En Suisse, cinq personnes ont été identifiées et placées en détention provisoire, a indiqué l'Office fédéral de la police (Fedpol) à Keystone-ATS. Les suspects sont accusés d'avoir consommé, sur le darknet via la plateforme "Alice with Violence CP", des images d'abus sexuels sur des enfants et d'avoir activement tenté de se procurer d'autres contenus.
Une chasse à l'homme internationale est lancée contre le cerveau présumé de l'affaire: il s'agirait d'un homme de 35 ans basé en Chine. Au total, environ 600 utilisateurs à travers le monde font l'objet d'une enquête. Ils auraient effectué des paiements sur des plateformes de pédopornographie entre février 2020 et juillet 2025. En Allemagne, des perquisitions ont eu lieu chez 14 suspects dans neuf Länder.
Fedpol et des polices cantonales impliquées
Vingt-trois États ont participé à l’"opération Alice", coordonnée par l’agence européenne de police Europol, avec les États-Unis, le Canada et l’Australie. En Suisse, en plus de Fedpol, la police de Lucerne, la police cantonale de Saint-Gall, la police cantonale de Thurgovie et la police cantonale de Zurich ont pris part à l’opération.

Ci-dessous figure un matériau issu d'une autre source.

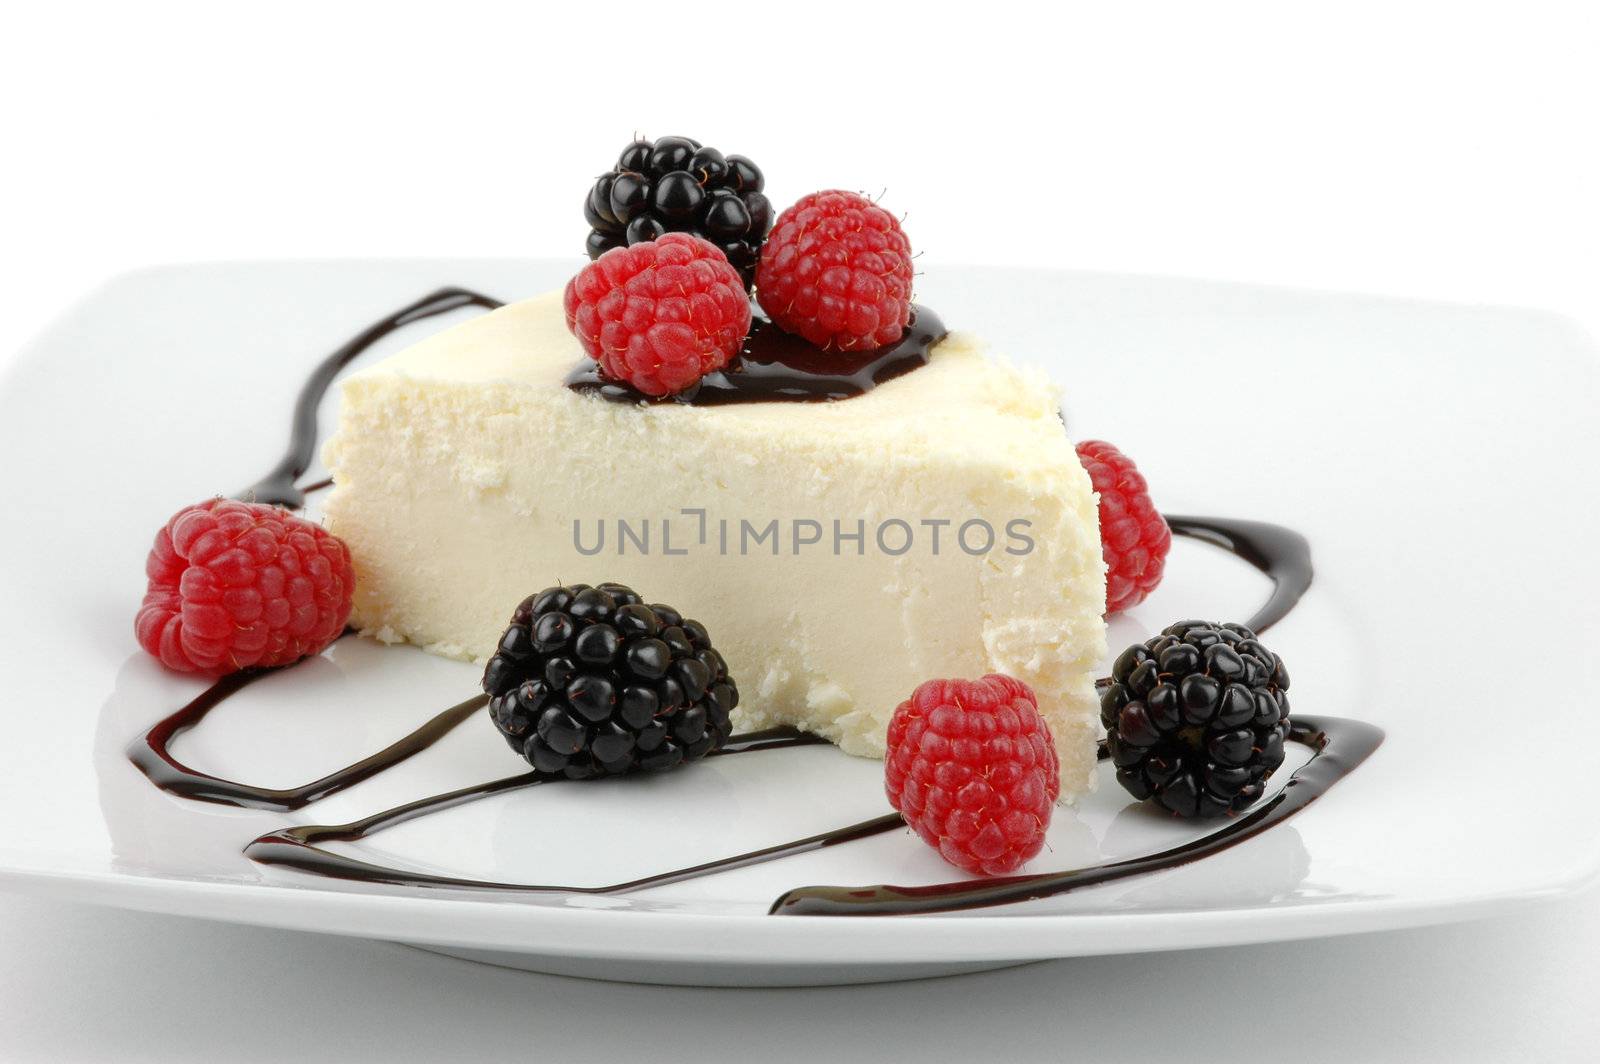 Creamy traditional cheesecake with berries and chocolate sauce.

Selon les enquêteurs bavarois, cela faisait quatre ans qu'ils avaient dans leur ligne de mire cette plateforme du darknet. Sur celle-ci, des images de violences sexuelles graves commises sur des enfants étaient publiées, pour inciter les personnes intéressées à acheter d’autres photos et vidéos.
Même si celles-ci n’étaient finalement pas livrées, "ces fausses boutiques faisaient de la publicité avec du véritable matériel pédopornographique", a souligné le ministre bavarois de la Justice, Georg Eisenreich. "Il ne faut pas oublier: derrière chaque image, derrière chaque vidéo, se cache la souffrance inimaginable d’un enfant."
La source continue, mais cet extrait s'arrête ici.